Following the news that a golf club in Wales was forced to close a green after a complaint from a neighbour about errant golf balls, we sought guidance from the NGCAA on the matter.
It was reported earlier this year that Holyhead Golf Club had been ordered by their local council to close their 18th green.
The move came after a neighbour complained about golf balls entering their property from the course, which left the club seeking to raise funds in order to build another hole.
Below is guidance from the NGCAA on this matter.
What are a golf club’s obligations when it comes to errant balls?
There are two main risks for clubs where there could be potential liability – one being the “internal” risk of balls hitting club property or other people within the golf course such as other golfers, walkers on footpaths and employees; the second is the risk associated with balls leaving the golf club property to cause damage to property or injury to people.
If there is an incident of damage or injury occurring from an errant golf ball, then the liability for that can be deemed to be that of the golf club itself or the golfer who struck the shot, or neither. Each case will depend upon its facts, and it can sometimes be the case that liability is apportioned between the parties on a percentage basis. For the golf club’s part, steps should be taken to ensure that the club has risk assessed the golf course to ensure that there are no unacceptable risks.
A club should look at taking steps to eradicate or drastically reduce the possibility of damage or injury occurring. That way, if the club’s part is covered to demonstrate that the golf club is not negligent in terms of its set up, the liability would then fall to the golfer who has hit a particularly errant and negligent shot, or nobody at all.
For the club’s part, the question is whether it is reasonably foreseeable that a ball will cause damage or injury. For that, a club will need to carry out a detailed risk assessment, and don’t fall into the trap that “it has always been this way” or that “we were here first” when it comes to new buildings erected on the permitter.
Part of a club’s steps to reduce risk will be looking to ensure that it warns and controls golfers. This will include the use of rules and byelaws to cover matters such as stating that staff have priority on the course and that a golfer should only hit their shot when it is safe. Whilst “ready golf” can be encouraged, the club should caveat that with the requirement that shots should only be taken when it is safe. There might be areas of particular danger within the golf course, such as greens near to tee boxes or footpath crossings – these can be highlighted in rules and byelaws, as well as on scorecards, along with the appropriate instructions and controls. Signage can be erected on the course to warn people and for golfers to only hit when it is safe.
All of these warnings will be about getting the message across to golfers in a clear and reasonable manner such that there can be no question that the club has not communicated the controls and warnings. Regular email circulars will underline the policies and any updates that may occur. As always, ensure that golfers are instructed to shout “fore” in the event of an errant shot. For visitors and guests, in addition to on-course signage, warnings can be included in terms and conditions when they book, as well as reminders in the Pro shop and scorecards.
When it comes to the course set up, if there is a risk to property or people, golf clubs can look at a variety of methods to eradicate or significantly reduce risk.
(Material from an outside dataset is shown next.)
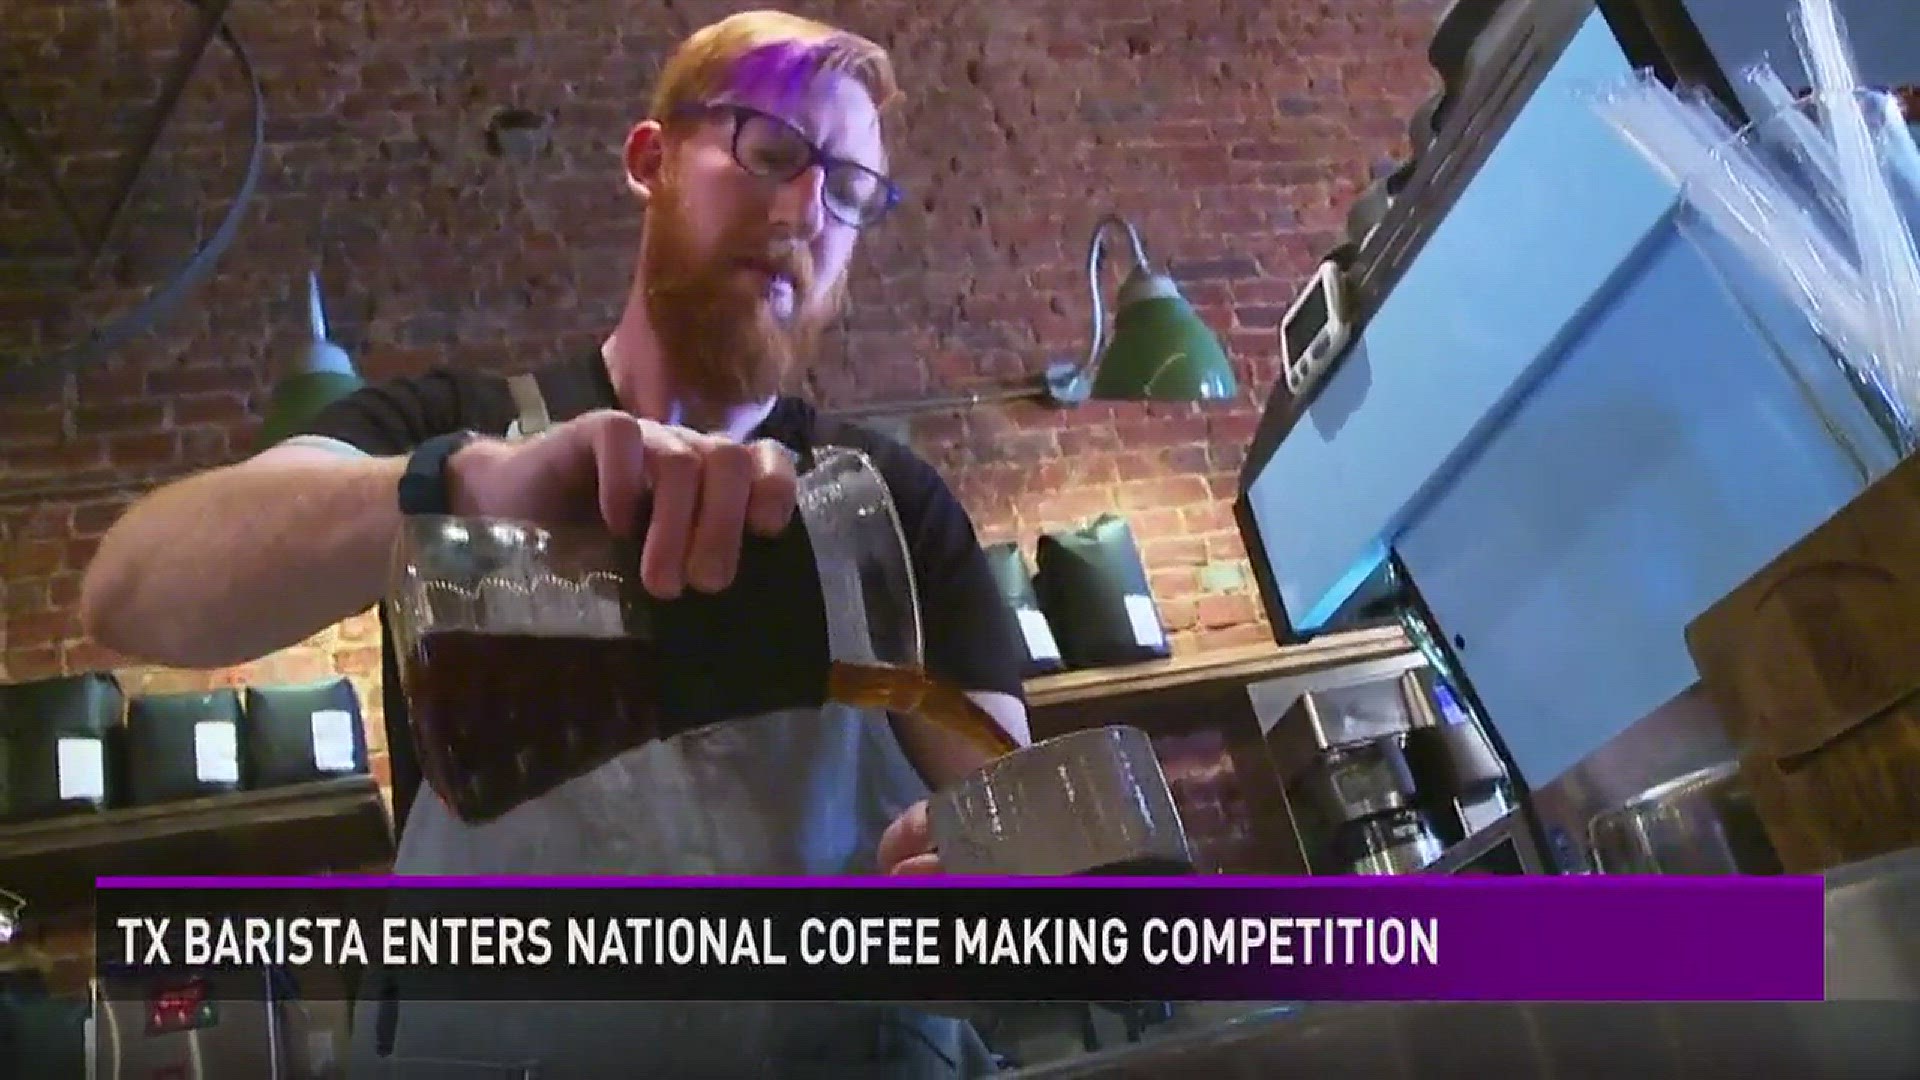 North Texas Barista heads to a national coffee making competition

Each course will vary, but some examples can include changing the direction of the tee shot, the introduction of in-course out of bounds, bunkering, elevating or lowering tee boxes, lengthening or shortening holes, fencing, tree-planting and the erection of netting. Some clubs will ultimately have to change a hole (eg from a par 4 to a par 3) or close the hole and relocate the hole elsewhere (sometimes club insurance will cover this eventuality, but check the policy). It may well be that the erection of a large net is the way forward, but planning permission would be likely to be needed for that. The cost of modifications will be a factor and whilst some friendly neighbours might be willing to contribute, there is unlikely to be any obligation upon them so to do.
Sometimes, neighbours will be unhappy with the prospect of a net, but such matters would have to be argued with planners. Occasionally, neighbours will offer to sign a waiver instead of having a net, but please note that such documents would be unlikely to be worth the paper that they are written on for injuries since it is not possible to contract out of liability for death or personal injury when it arises from your own negligence.
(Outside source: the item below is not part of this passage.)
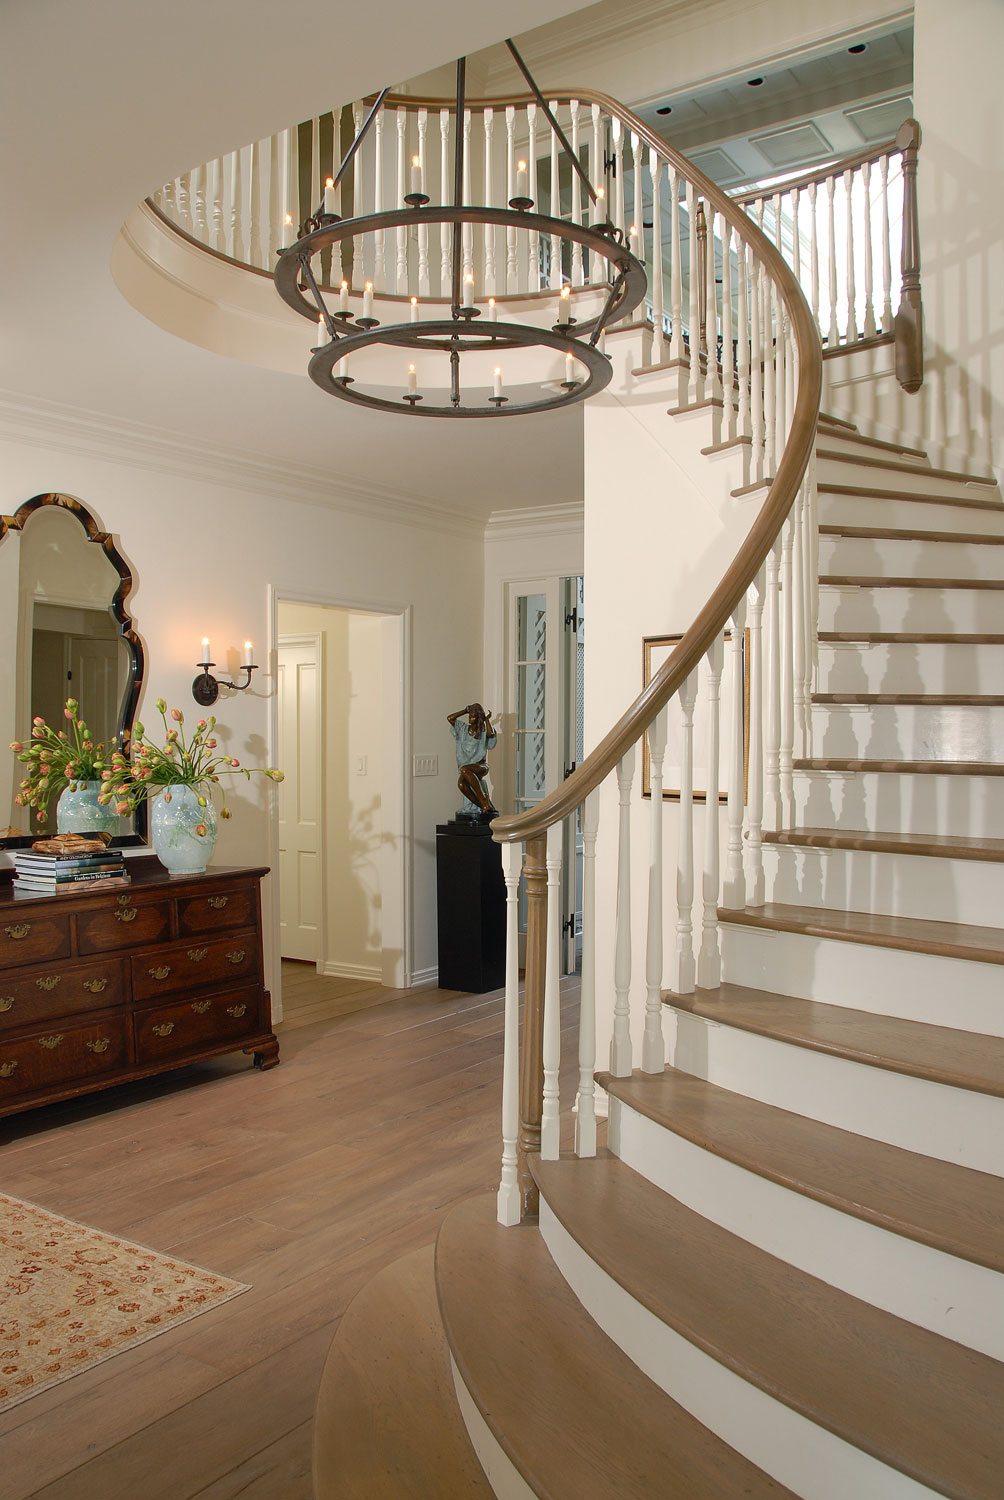 05-Z-traditional-staircase-curved-bannister-gary-drake-general-contractor.jpg
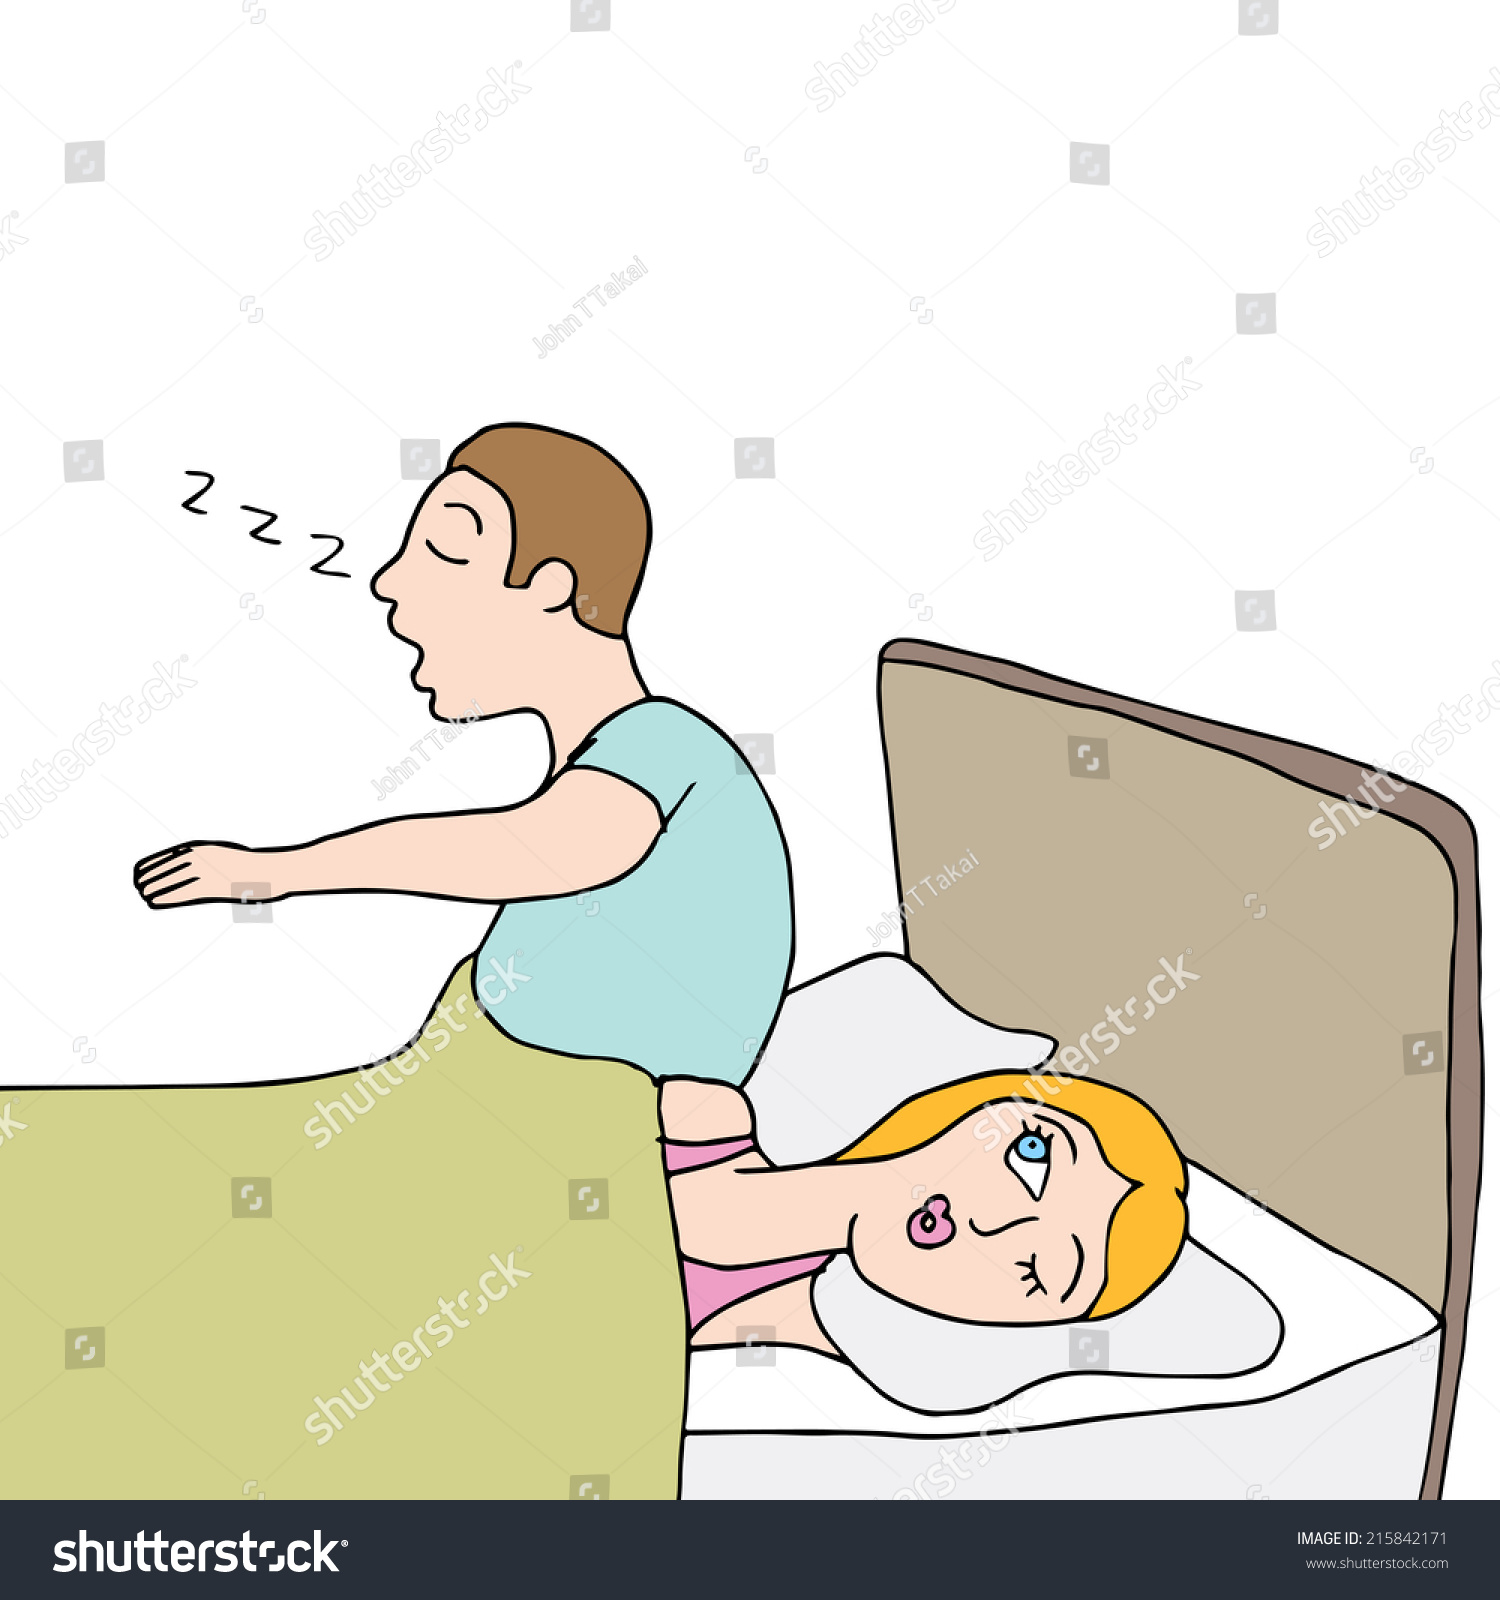 An Image Of A Sleep Walking Man In Bed With His Wife. Stock Vector ...

For a potential negligence claim, it makes little difference “who was there first” – a club should still take steps to eradicate or substantially reduce risk from a set-up which is potentially dangerous. “Who was there first” can come into play as an argument if an injunction were sought in an action for nuisance, but the club must still protect itself when it comes to a potential negligence claim, as outlined above.
Where developers are planning to build close to the golf course perimeter, golf clubs should seek to engage with planners and potentially object to planning permission.
Golf clubs should liaise with their insurer to ensure that they are comfortable with the course set up. In the event of communications from third parties about errant balls, clubs should advise their insurer and seek the insurer’s assistance in drafting any written letters to third parties. A club would not want to say anything in writing or do anything that might later be seen as an admission of liability, so it would be important that club insurers are on board with all correspondence and actions.